The degree to which Mastermind Creations have nailed the look and feel of this character astounds me. Not because they haven’t done it before, they’re actually quite good at this, but the manifestation of it is in a headsculpt that looks to have been crafted by Nick Roche himself, instantly popping in at number one on my list of best 3rd party headsculpts. Like the original toy, Carnifex has two opening chest flaps, a fold down double-barreled abdominal gun and adjacent to that, the signature pop-out abdominal cannons. Instead of being Powermaster-activated, these are reliant on manually-operated tabs. Behind the chest flaps are missile pods, but they can be removed in anticipation of MMC’s promised future Powermaster Pack. Carnifex has the distinct gigantic gun that doubles up as the tank turret and has the shield which cosplays convincingly as a jet nosecone.

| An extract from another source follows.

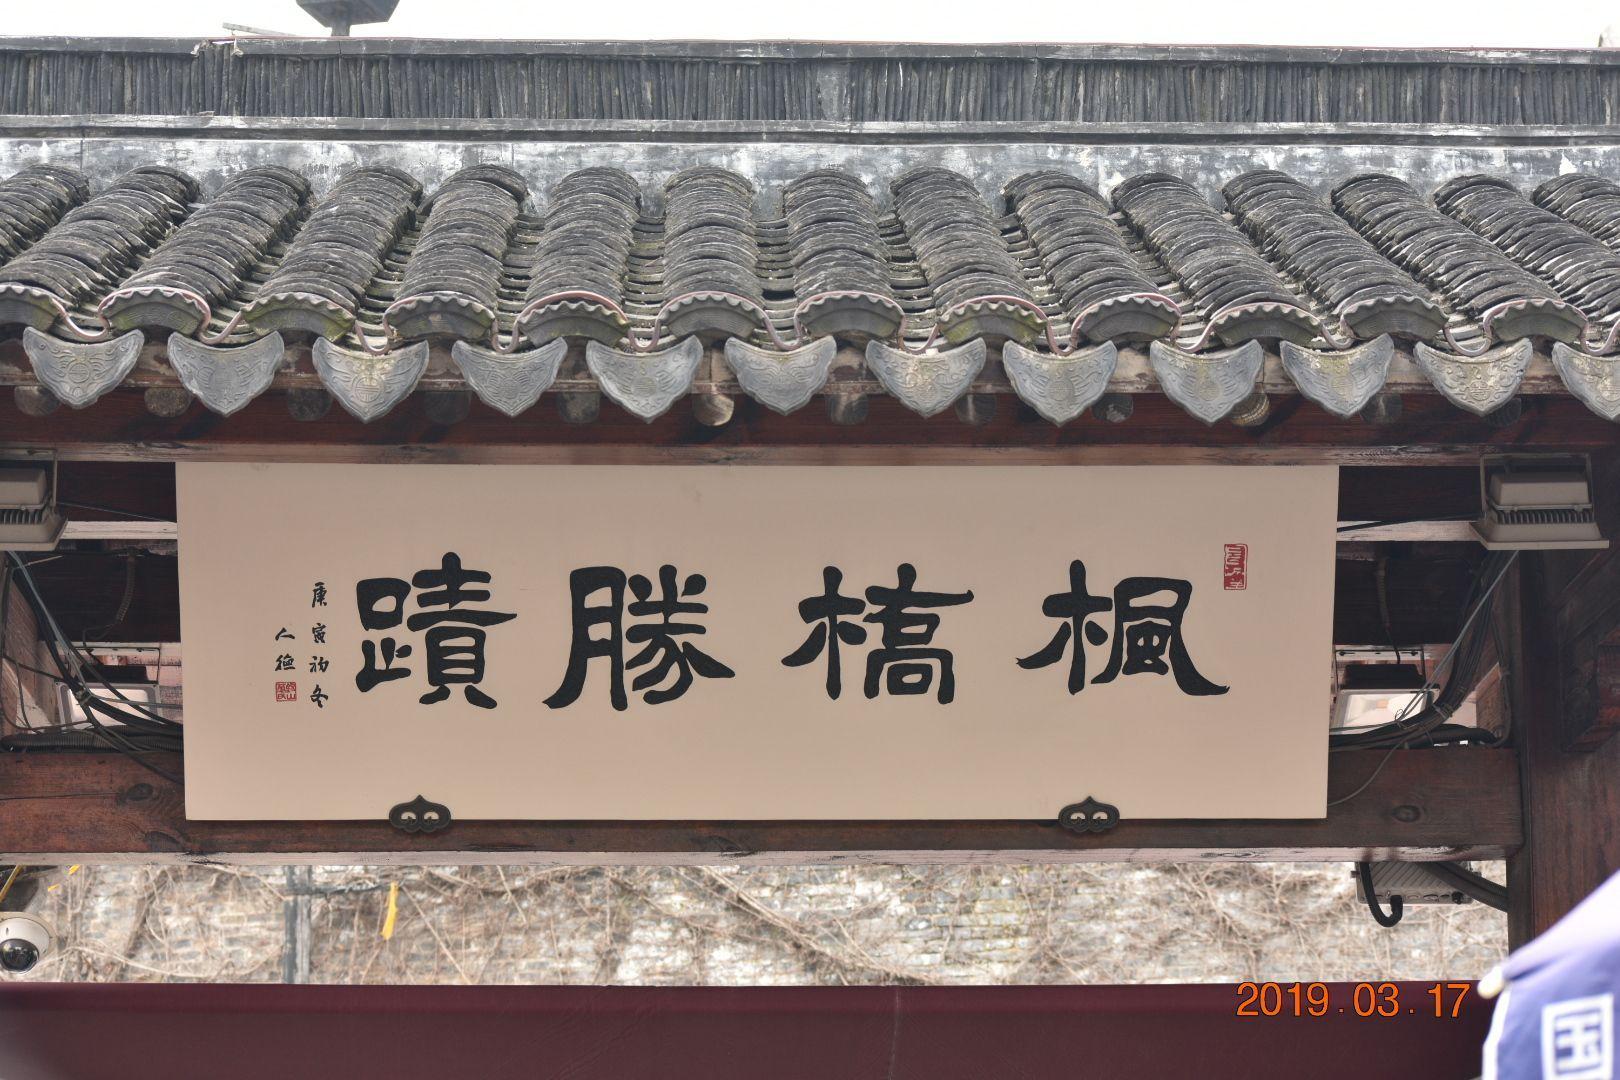 2019枫桥攻略游玩景区,唐代张继的一首《柳街都江堰枫桥镇一日游攻略图片

The shield can be attached via a thin double-ended peg (which can become detached reasonably easily) to the outer forearm, or attached higher up via the two tabs on the shoulder which is slightly more secure. Alternatively, you can use the flip down handle inside the shield and Carnifex can hold it properly in hand as seen in the last picture above. Gun grip is generally very good with Carnifex, and I have seen a decline in the quality of accessory grip across 3P toys recently, so I’m glad they’ve given this due attention. The shield will not be totally secure and knock-proof in any of the three ways in which it is attached, so I must accept that for the way it is, but it isn’t just going to fall off of its own accord. Sword grip is excellent, and you might also have seen already that the two black swords can connect to the shield via secure tabs.
As you might have guessed, posability is fantastic. For a figure of this size, he has great poise, articulation and balance. The outward ankle tilt ensures that Carnifex rocks The Run, and double jointed knees allow him a slightly strained kneel, but a convincing one nonetheless. The ankles allow forward and backward articulation in good measure too, thanks to the shin flaps MMC love to give their figures. There’s a lot of movement in the shoulders, but the big white shoulder parts are not fixed in position and move independently to the purple shoulder cones inside them, so just be aware of what you are moving there. There’s a waist swivel as well, obviously. The hands are just superb, individually articulated fingers give Carnifex a massive amount of expression on tap. The head too is very well articulated, and I am pleased that in addition to the amused face with those lips and the LSOTW eye-gouge grin face, the Powermaster Pack will provide a G1 style non-smiling face for more serious, circumspect moments of Evil Bastard.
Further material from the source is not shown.